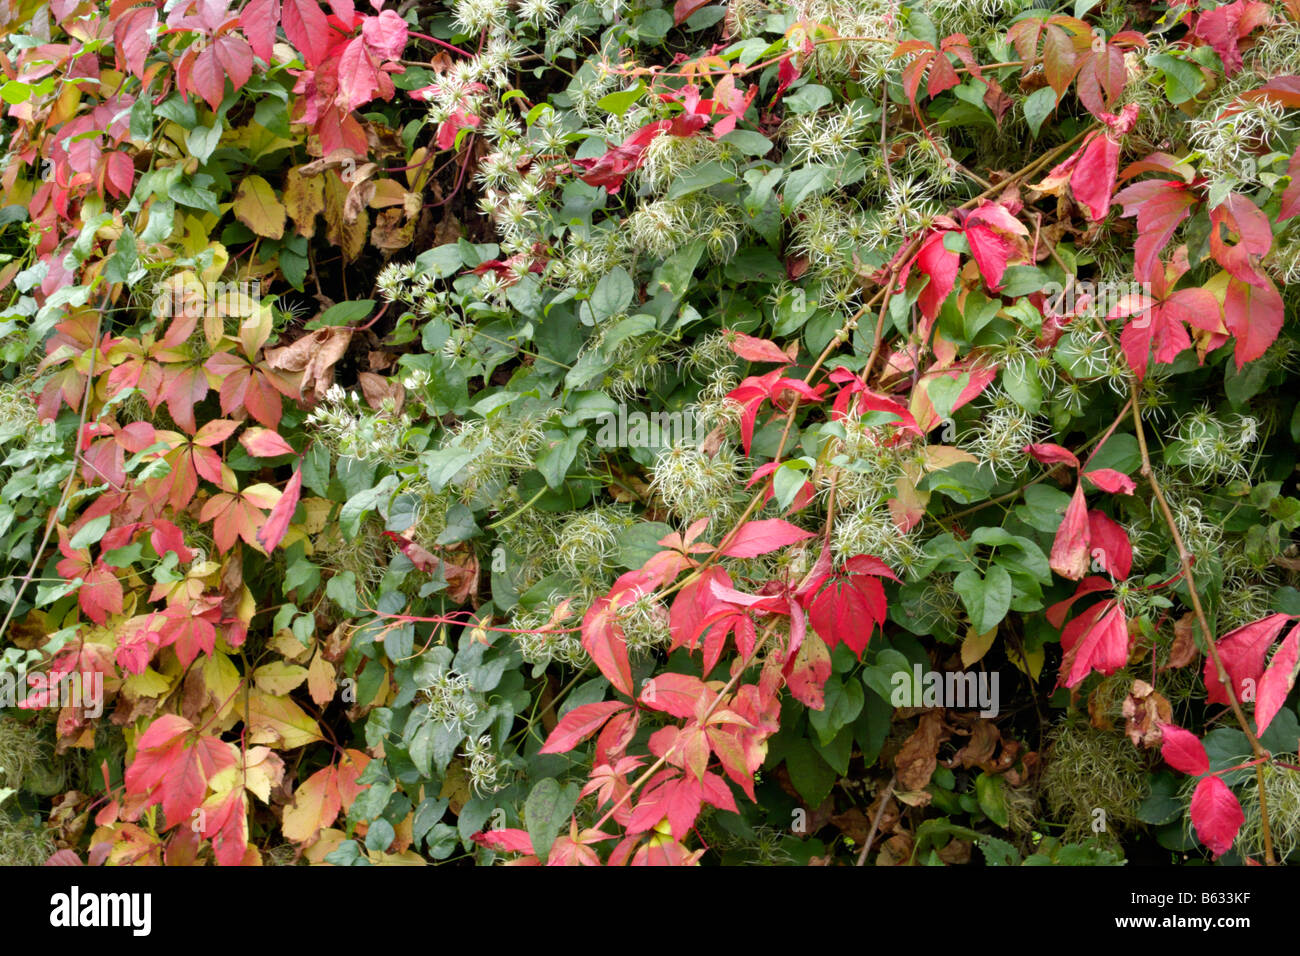 Clematis (Clematis) and Virginia creeper (Parthenocissus quinquefolia) Stock Photo
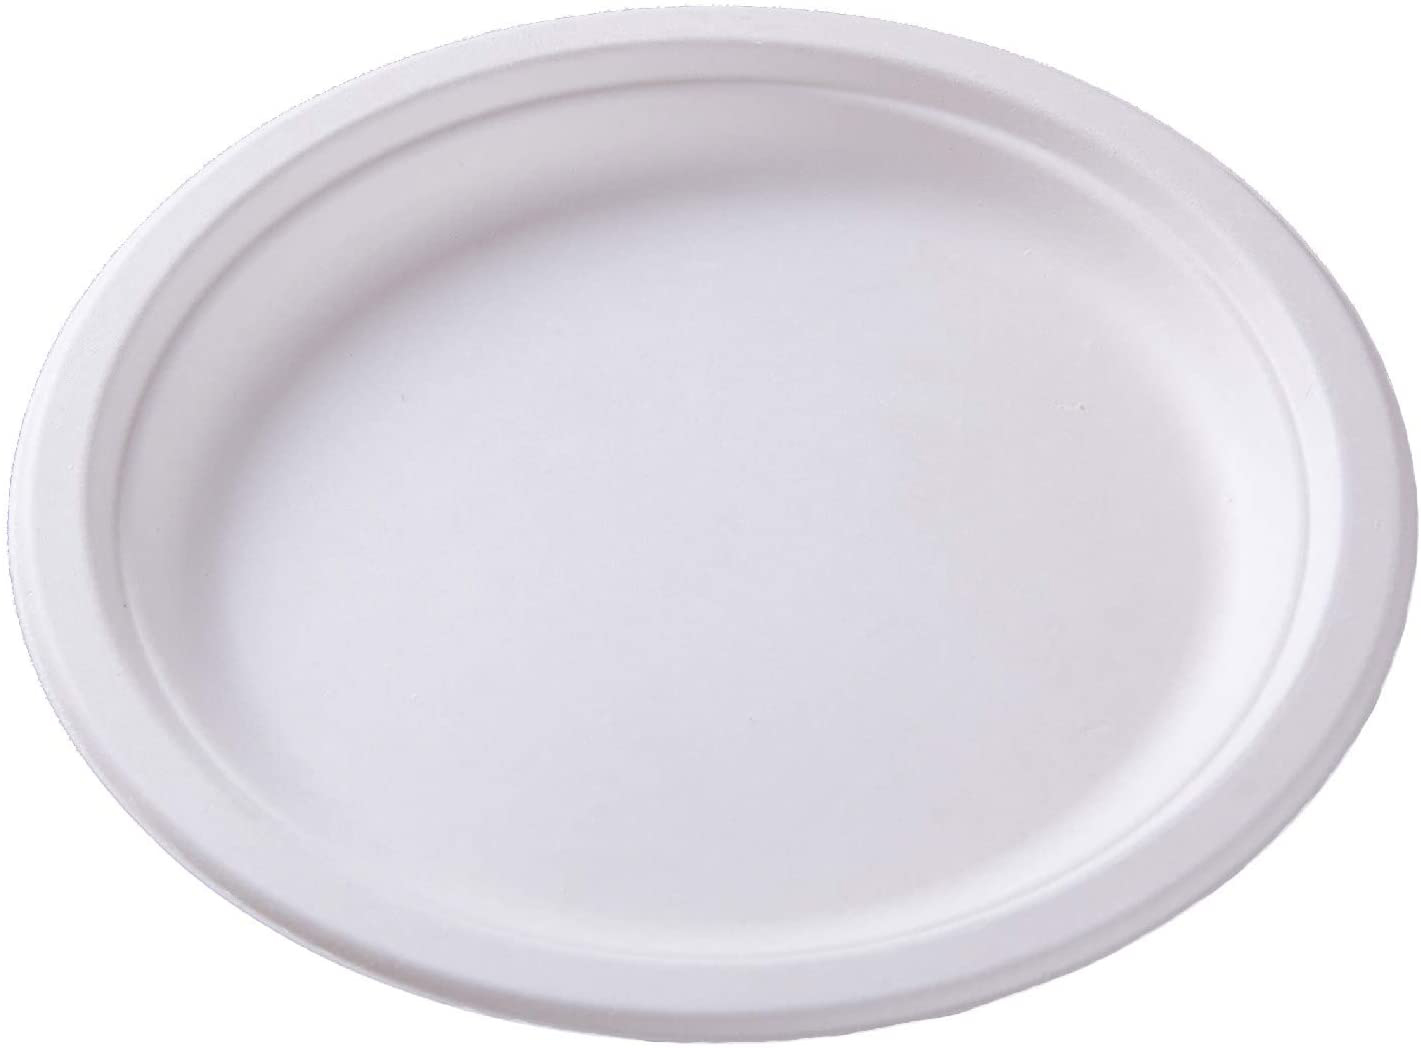 WEBSTAR Assiettes ovale 26cm 26641 blanc, bagasse 50 pcs.
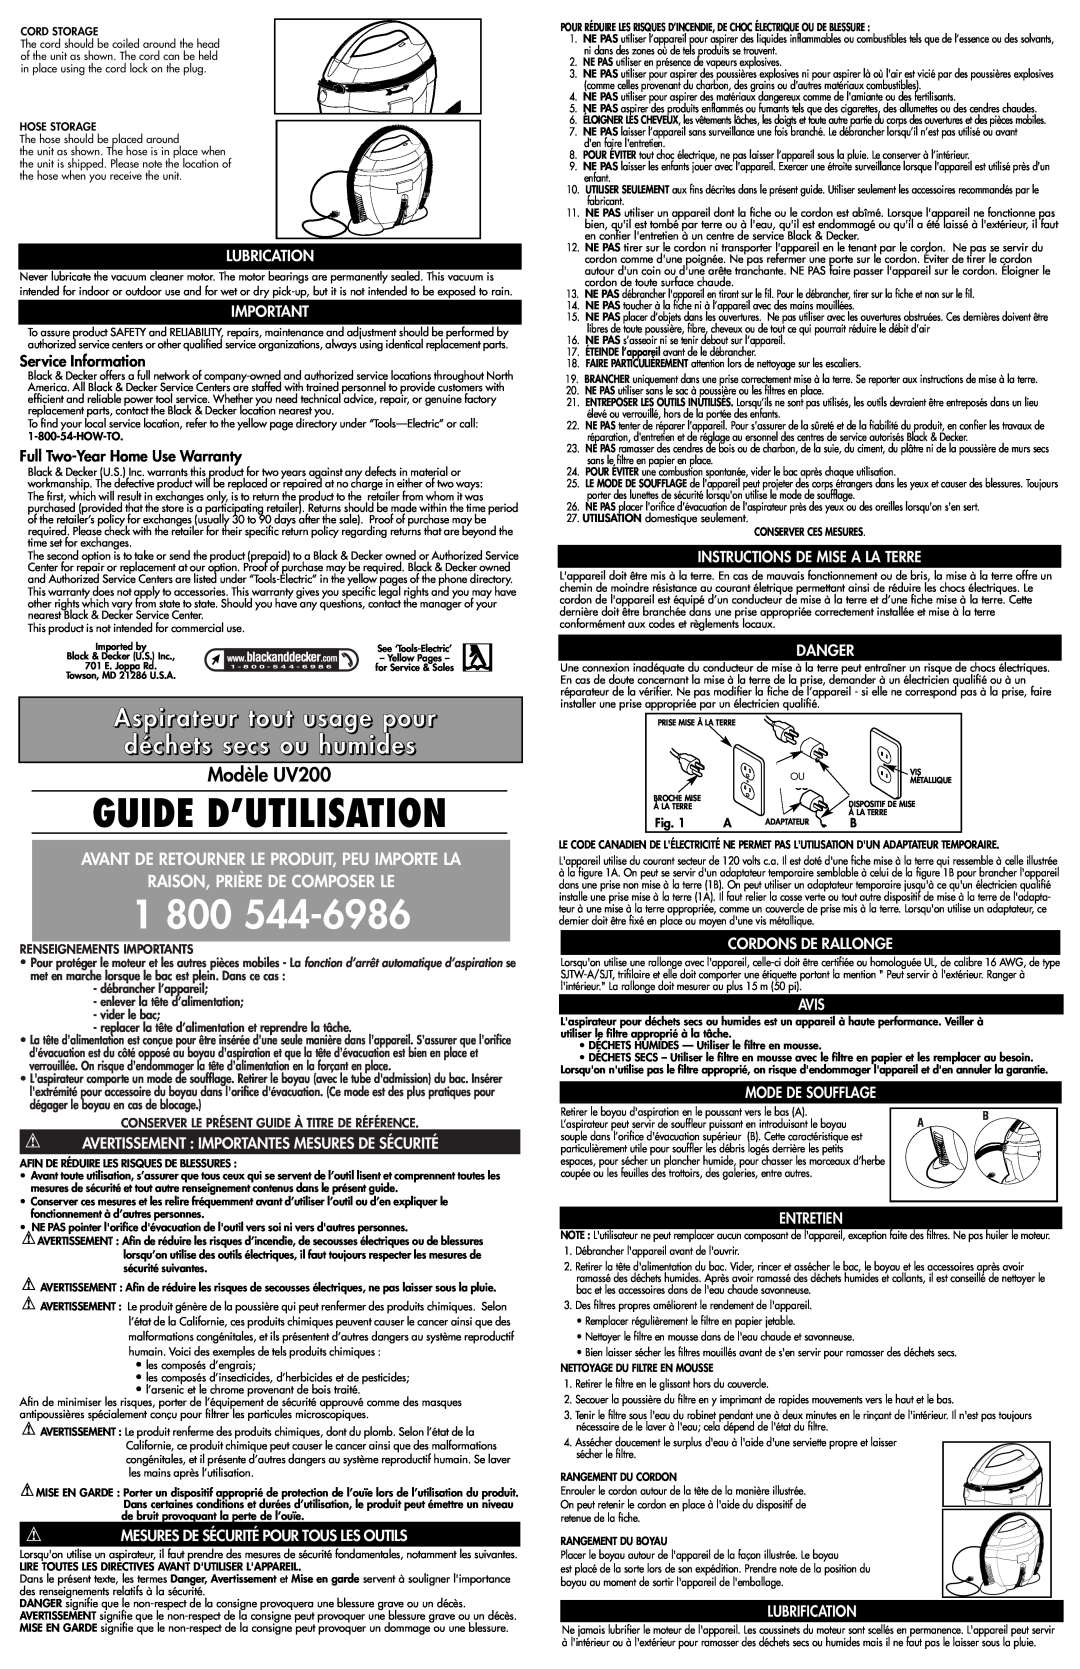 Black & Decker Guide D’Utilisation, 1 800, Aspirateur tout usage pour déchets secs ou humides, Modèle UV200, Avis 
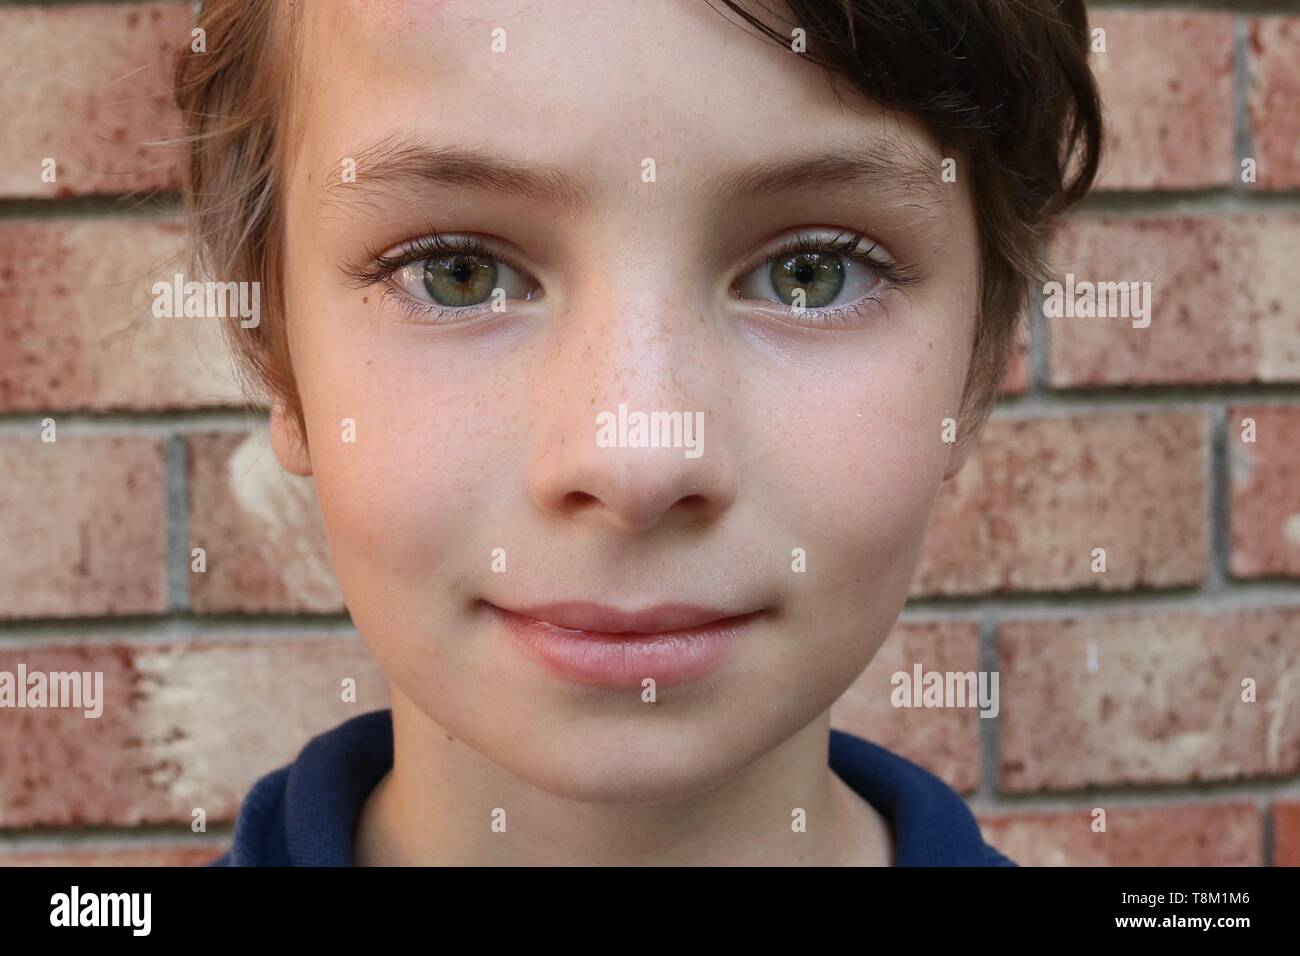 Ritratto di un bambino con grandi occhi verdi di fronte a un muro di mattoni Foto Stock

--

**TO DO**: Could you reproduce exactly the lines from the first line of the listing through the line containing "Black & Decker", both included, with pictures left out?

**YOUR SOLUTION**:
 Clematis (Clematis) and Virginia creeper (Parthenocissus quinquefolia) Stock Photo
 WEBSTAR Assiettes ovale 26cm 26641 blanc, bagasse 50 pcs.
 Black & Decker Guide D’Utilisation, 1 800, Aspirateur tout usage pour déchets secs ou humides, Modèle UV200, Avis 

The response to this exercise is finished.